→ Your assignment:
Reproduce the full listing as it stands. Images do not belong in the copy.

→ Dataset content:

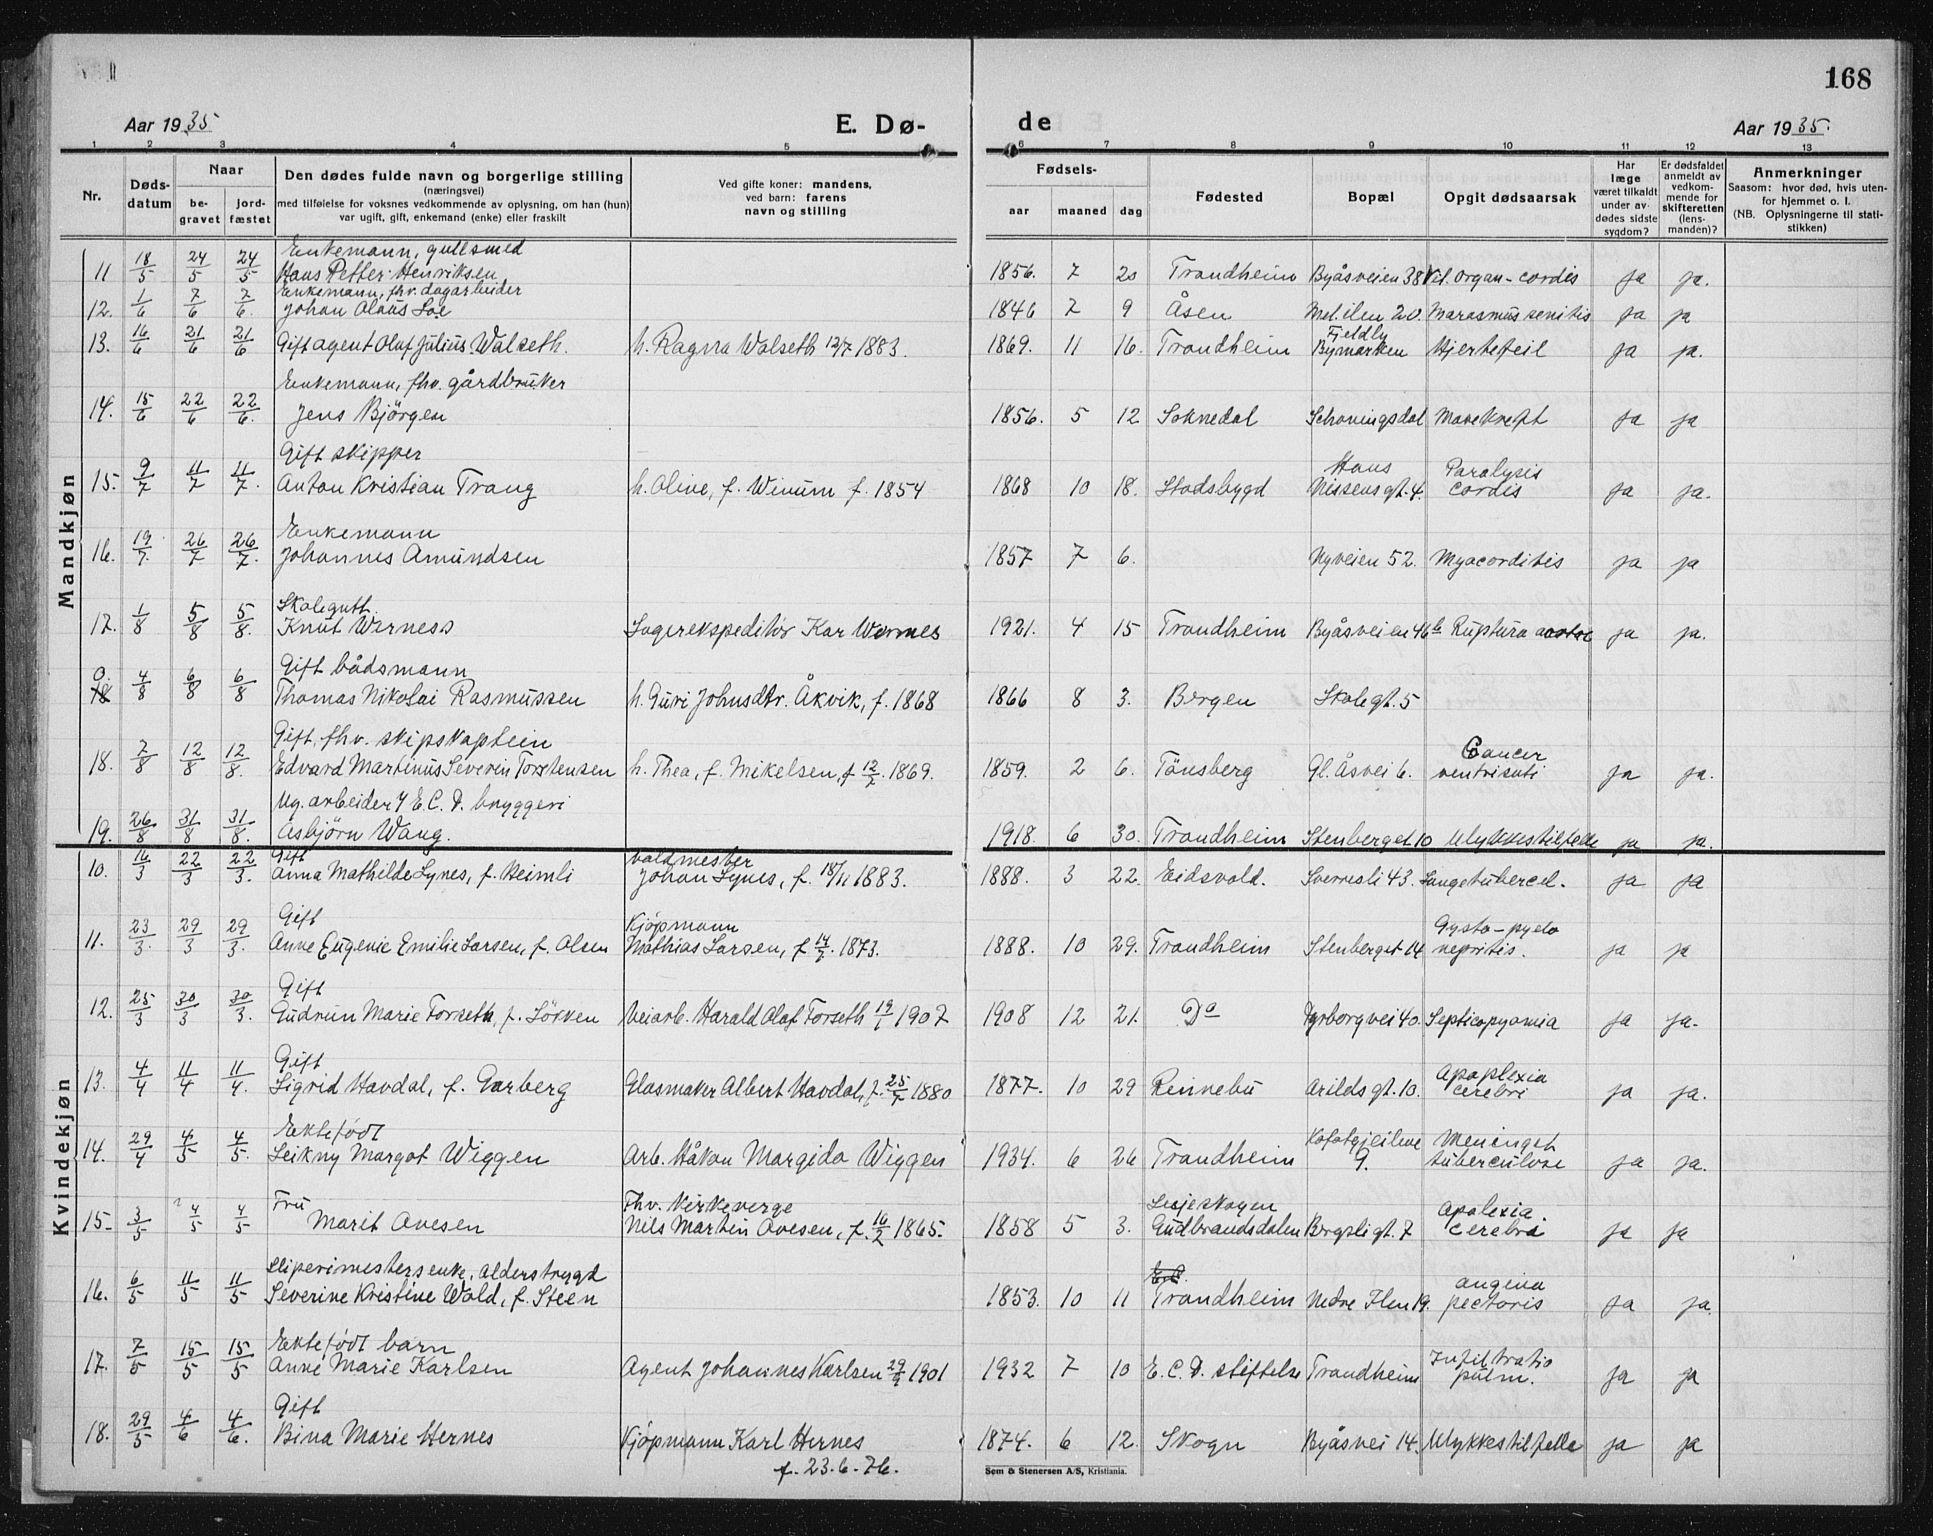 SAT, Ministerialprotokoller, klokkerbøker og fødselsregistre - Sør-Trøndelag, 603/L0176: Klokkerbok nr. 603C04, 1923-1941, s. 168
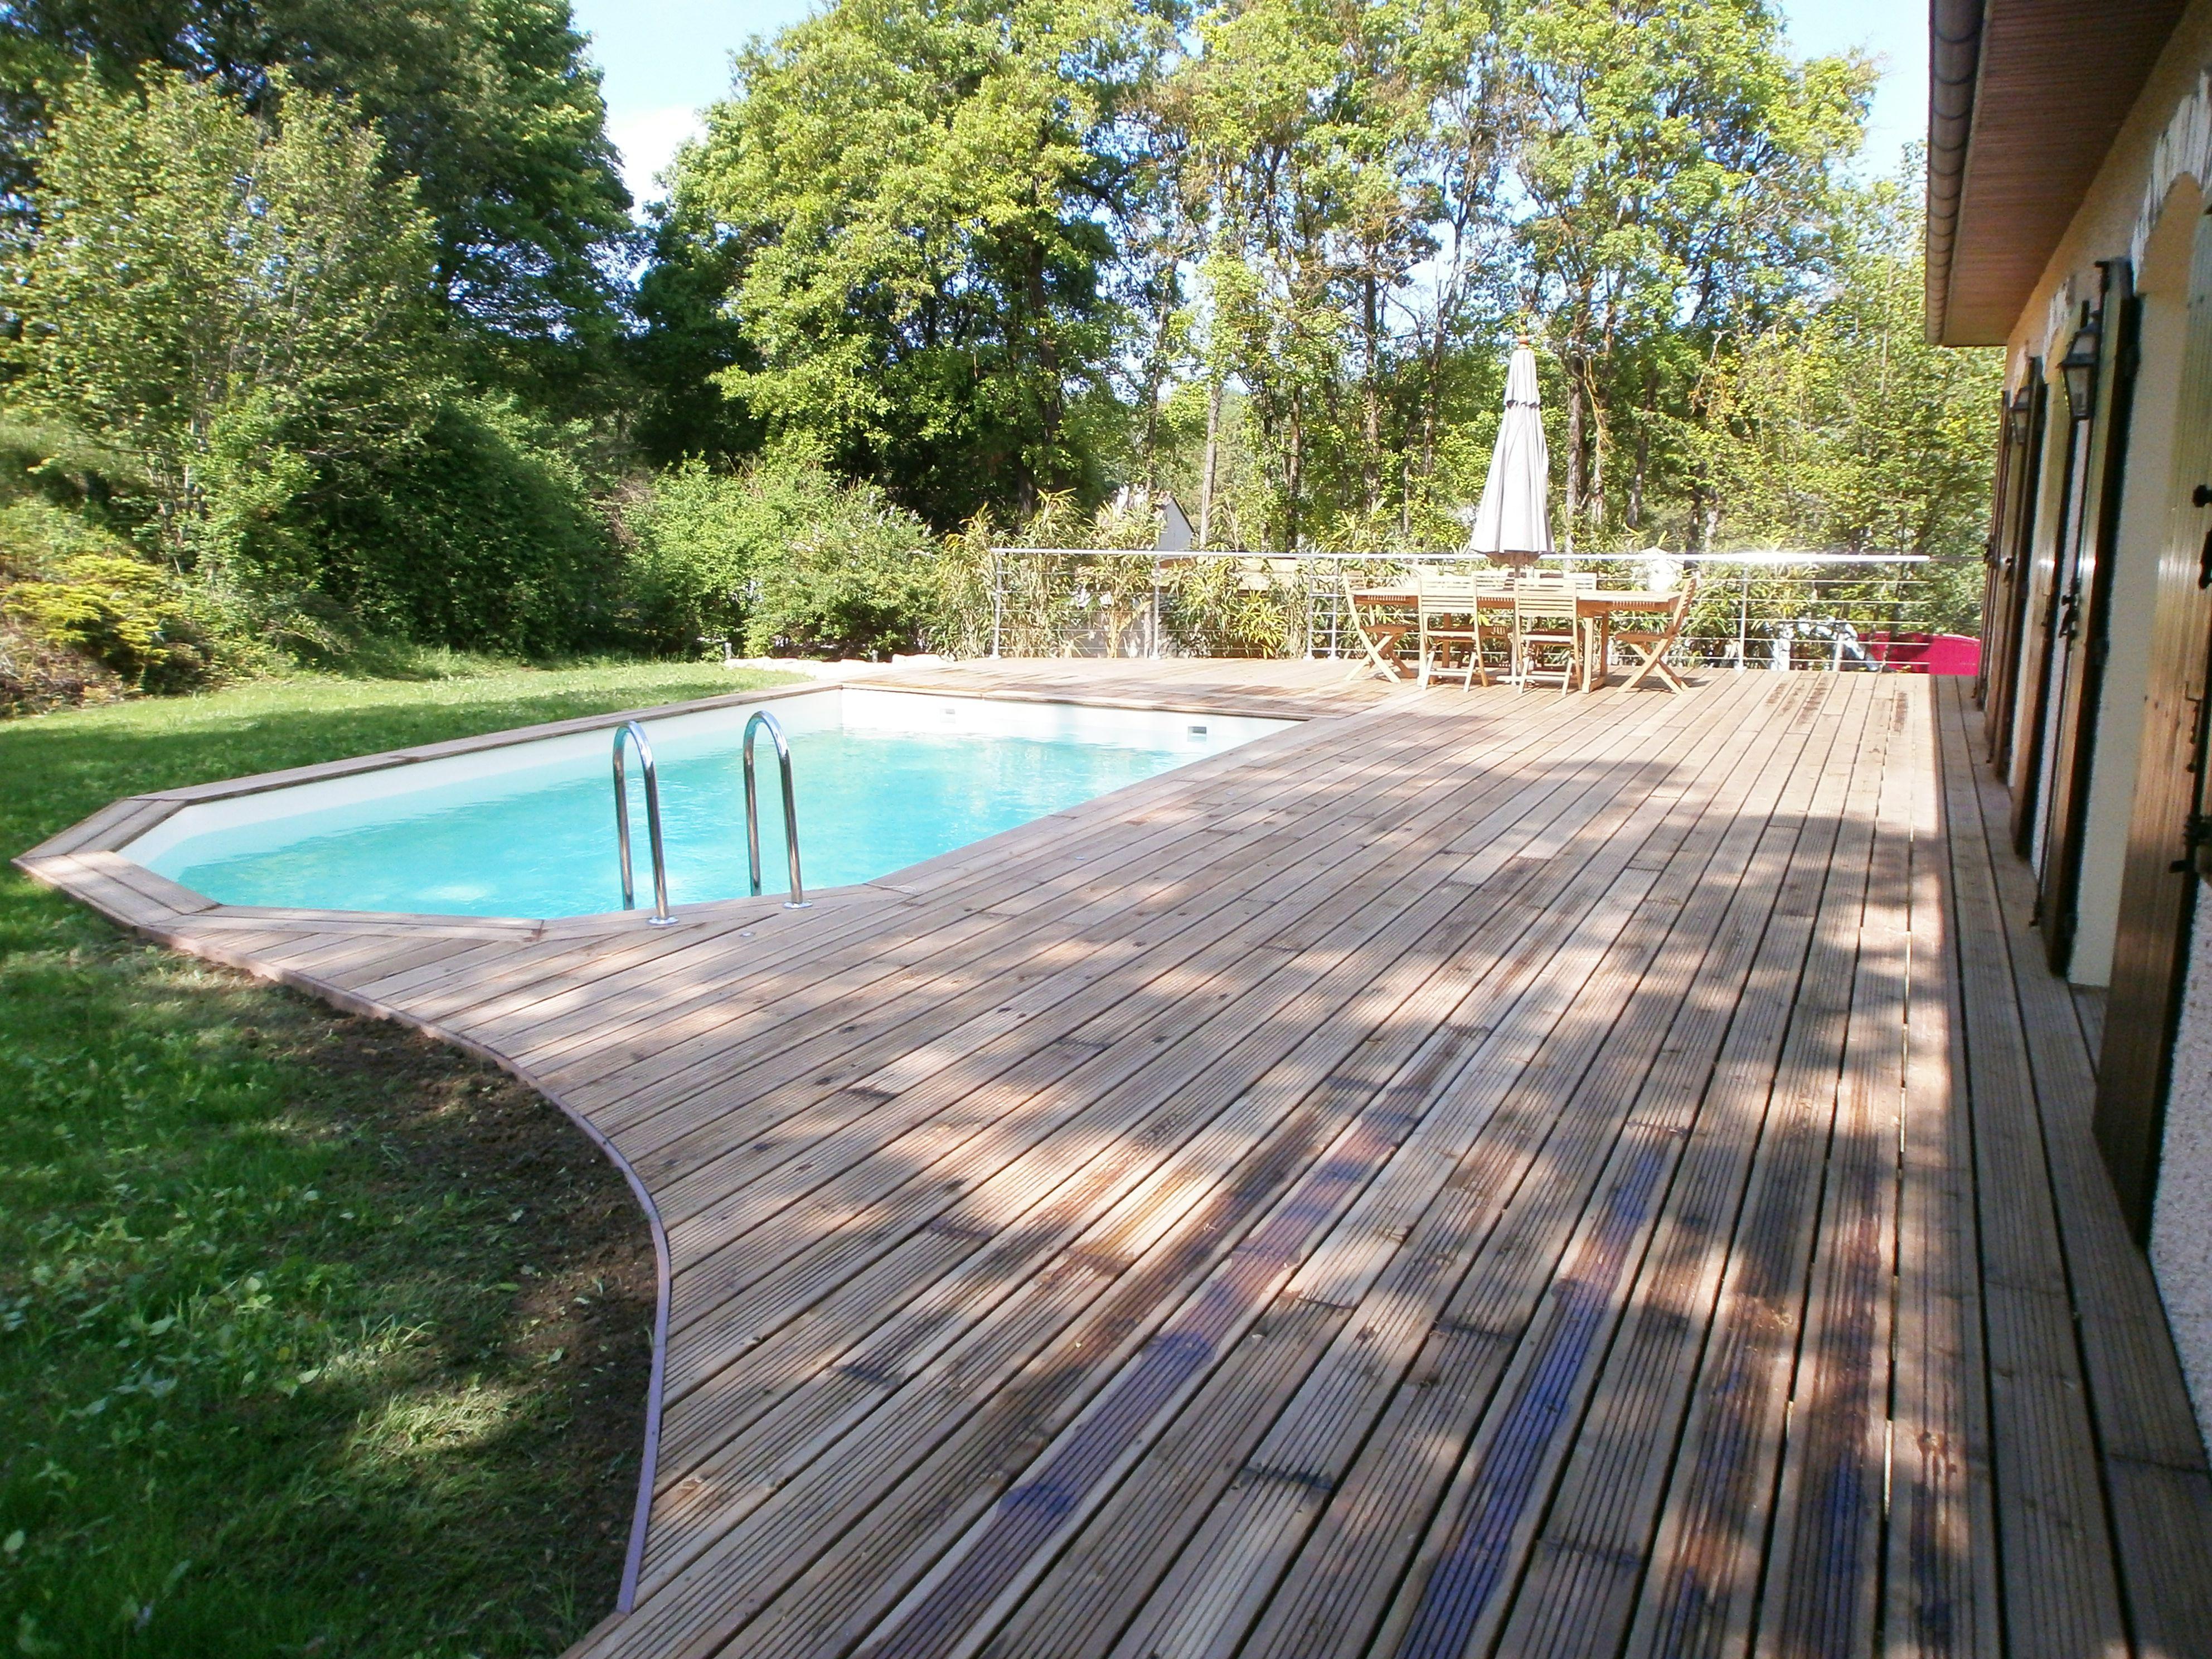 Magnifique piscine intégrée dans la terrasse #piscine #terrasse ...
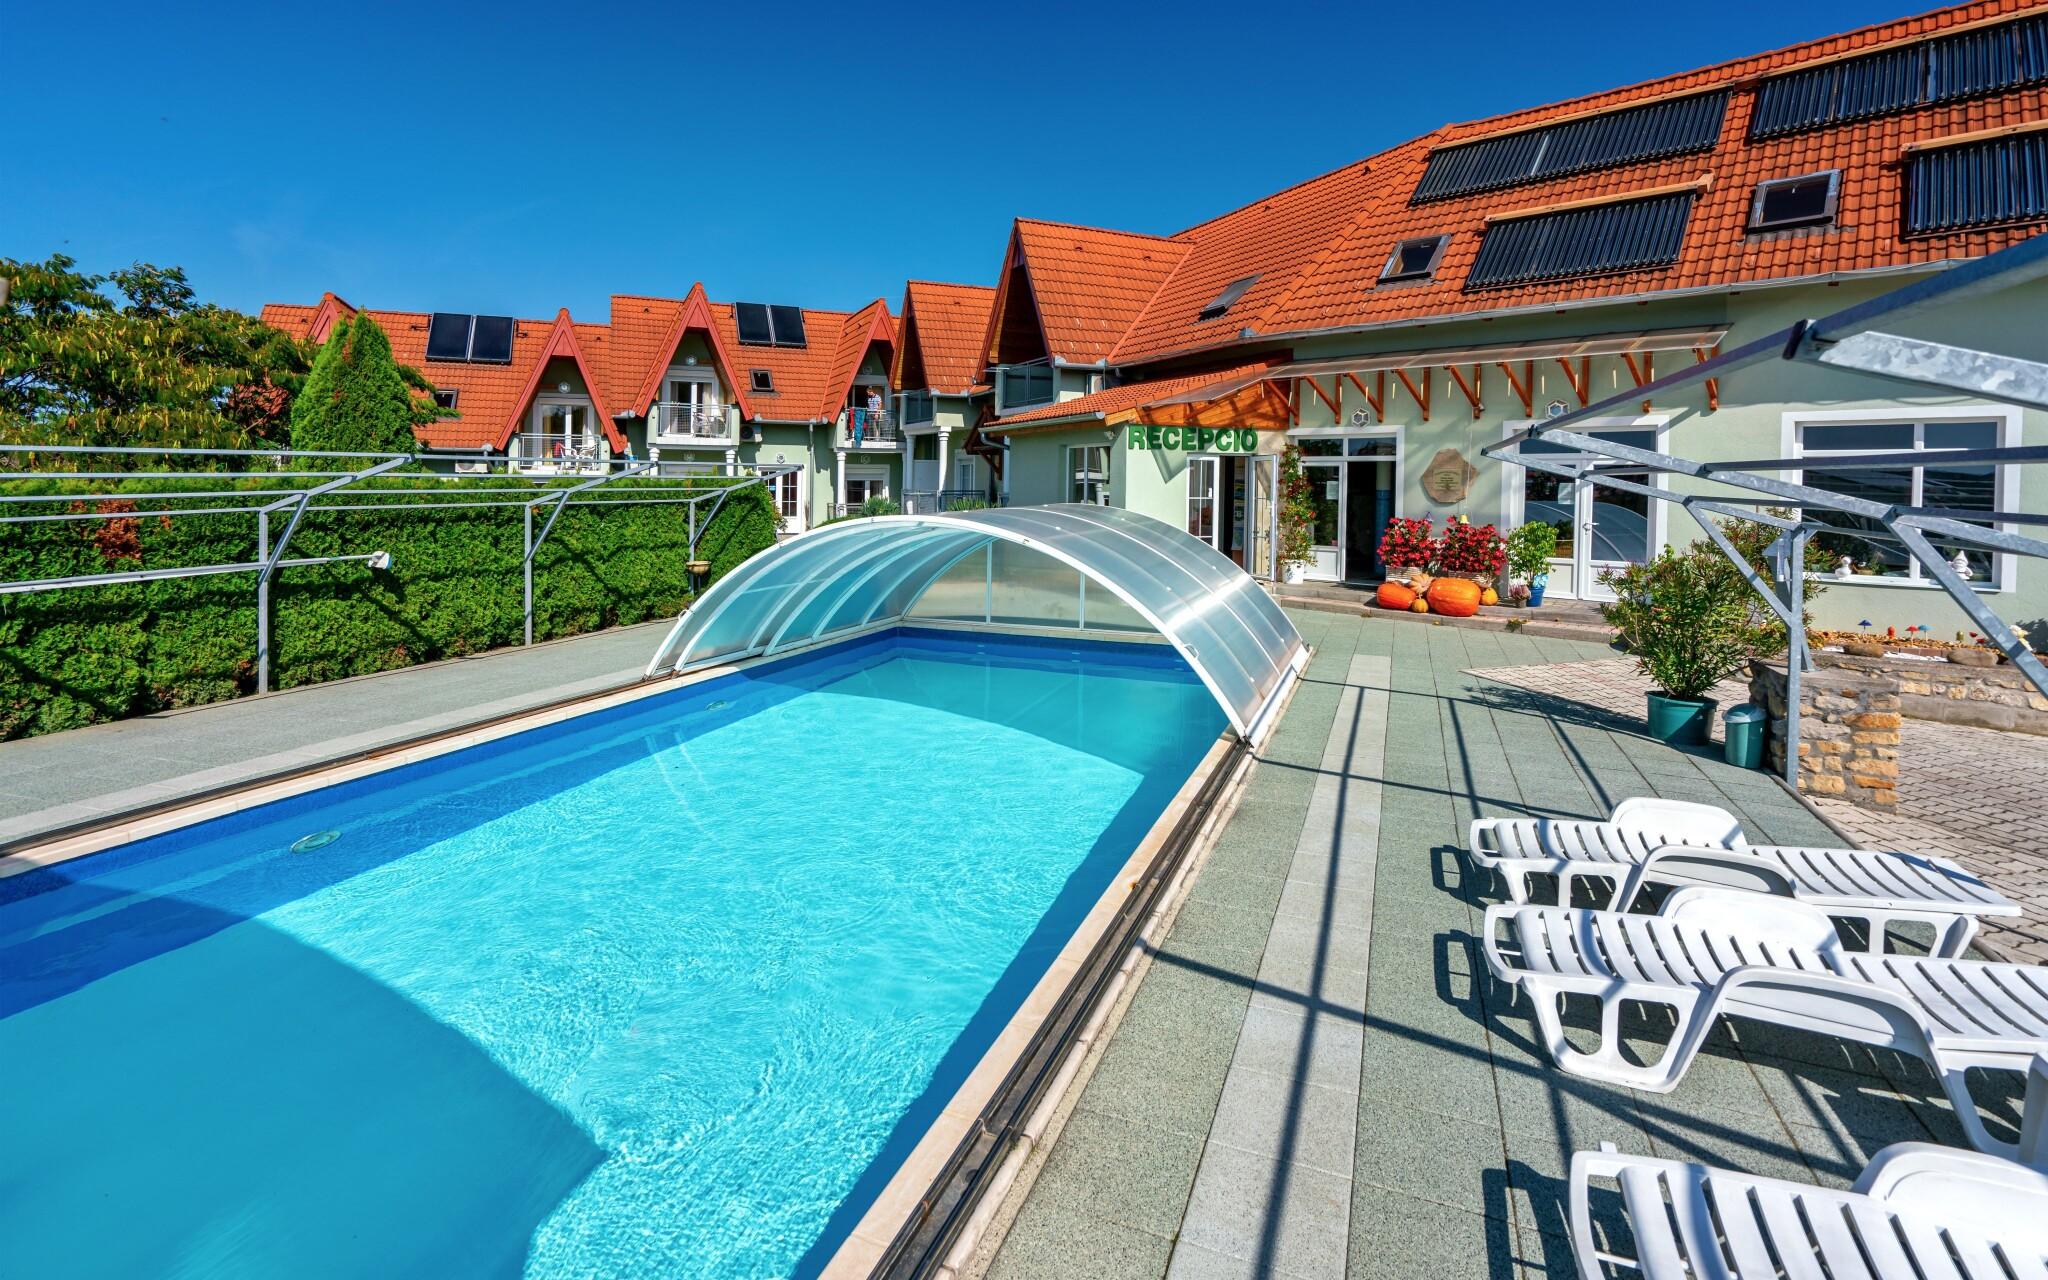 Během letních měsíců se těšte na venkovní bazén

→ Task output:
 SAT, Ministerialprotokoller, klokkerbøker og fødselsregistre - Sør-Trøndelag, 603/L0176: Klokkerbok nr. 603C04, 1923-1941, s. 168
 Magnifique piscine intégrée dans la terrasse #piscine #terrasse ...
 Během letních měsíců se těšte na venkovní bazén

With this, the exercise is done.